The third is the normative use.  Muller defines it as the use that “pertains to believers in Christ who have been saved through faith apart from works.  In the regenerate life, the law no longer functions to condemn, since it no longer stands elenctically over against man as the unreachable basis for salvation, but acts as a norm of conduct, freely accepted by those in whom the grace of God works the good.”[3]  The LBCF of 1689 amplifies this use in 19:6 and indicates that while the law is no longer binding as a covenant of works, it “is of great use to them [believers] as well as to others” in that it functions as a “rule of life.”  John Murray observed concerning this use, “It is symptomatic of a pattern of thought current in many evangelical circles that the idea of keeping the commandments of God is not consonant with the liberty and spontaneity of the Christian man, that keeping the law has its affinities with legalism and with the principle of works rather than with the principle of grace.  It is strange indeed that this kind of antipathy to the notion of keeping commandments should be entertained by any believer who is a serious student of the New Testament.  Did not our Lord say, ‘If ye love Me, ye will keep My commandments’ (John 14:15).”[4]
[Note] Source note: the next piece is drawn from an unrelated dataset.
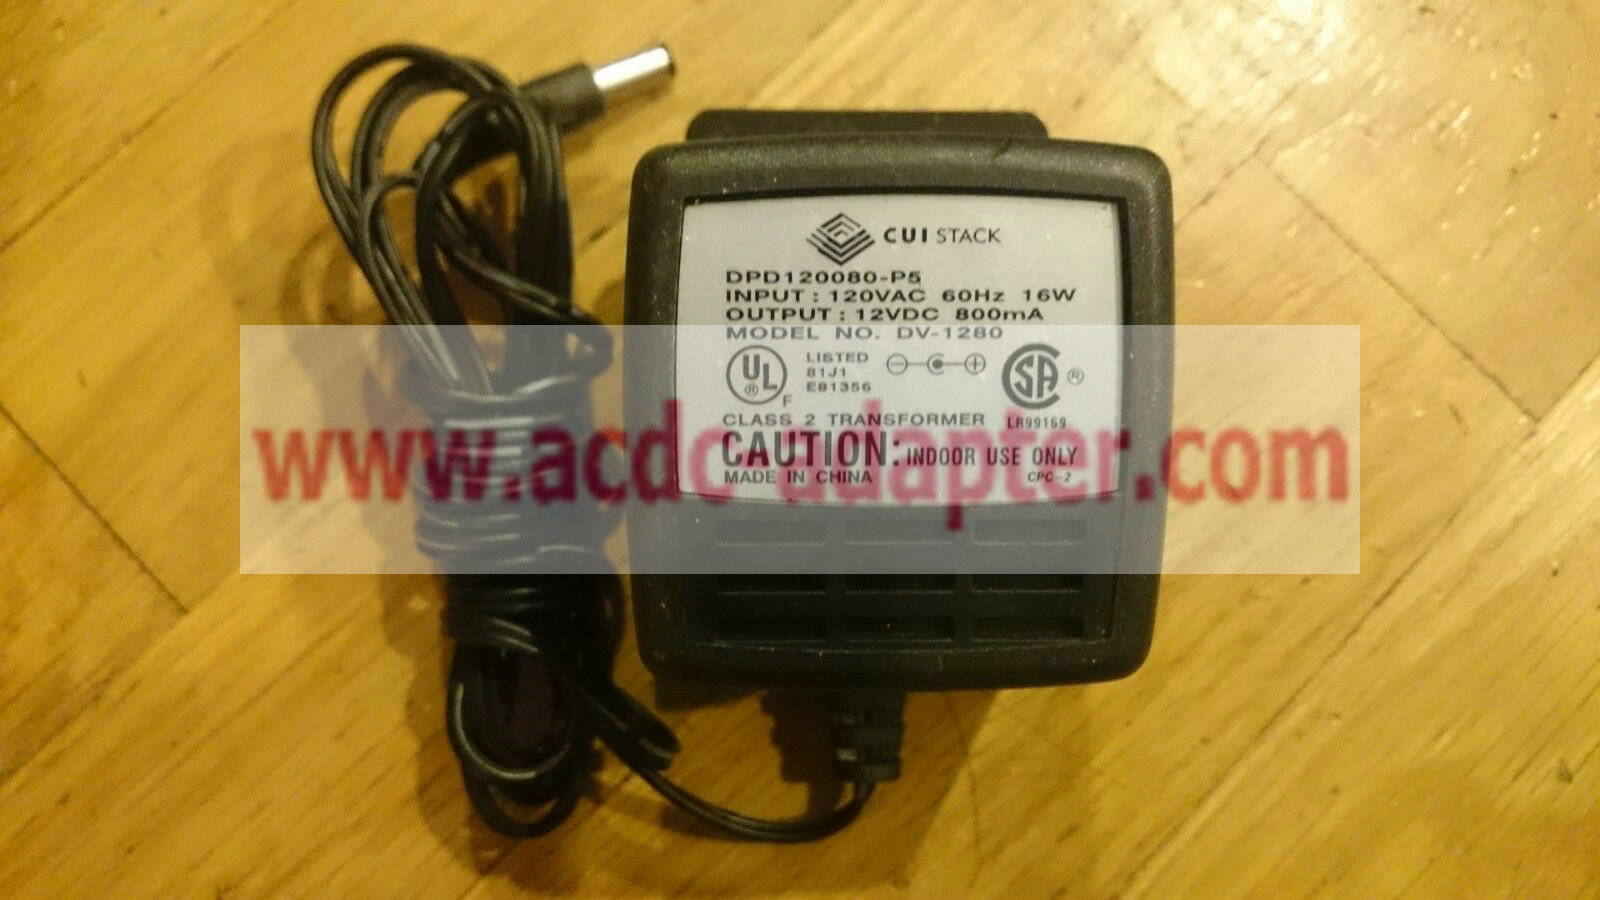 New 12VDC AC Adapter for CUI Stack DV-1280 DPD120080-P5 12VDC Power Supply Cord

Problems regarding the law are manifold in the church today.  A return to the Reformed confessions and an emphasis on covenant theology should prove a helpful corrective in this area of study.  J. Gresham Machen said, “A new and more powerful proclamation of that law is perhaps the most pressing need of the hour; men would have little difficulty with the gospel if they had only learned the lesson of law…So it always is:  a low view of the law always brings legalism in religion; a high view of law makes a man a seeker after grace.  Pray God that the high view may again prevail.”[5]



[1] Richard A. Muller, Dictionary of Latin and Greek Theological Terms.  (Grand Rapids:  Baker Books, 1985), 320.

[2] Ibid, 320.

[3] Ibid, 321.

[4] John Murray, Principles of Conduct.  (Grand Rapids:  Wm. B. Eerdmans Publishing Co., [1957] 1984), 182.

[5] J. Gresham Machen, What is Faith?  (Grand Rapids:  Wm. B. Eerdmans Publishing Co., [1925] 1974), 141-142.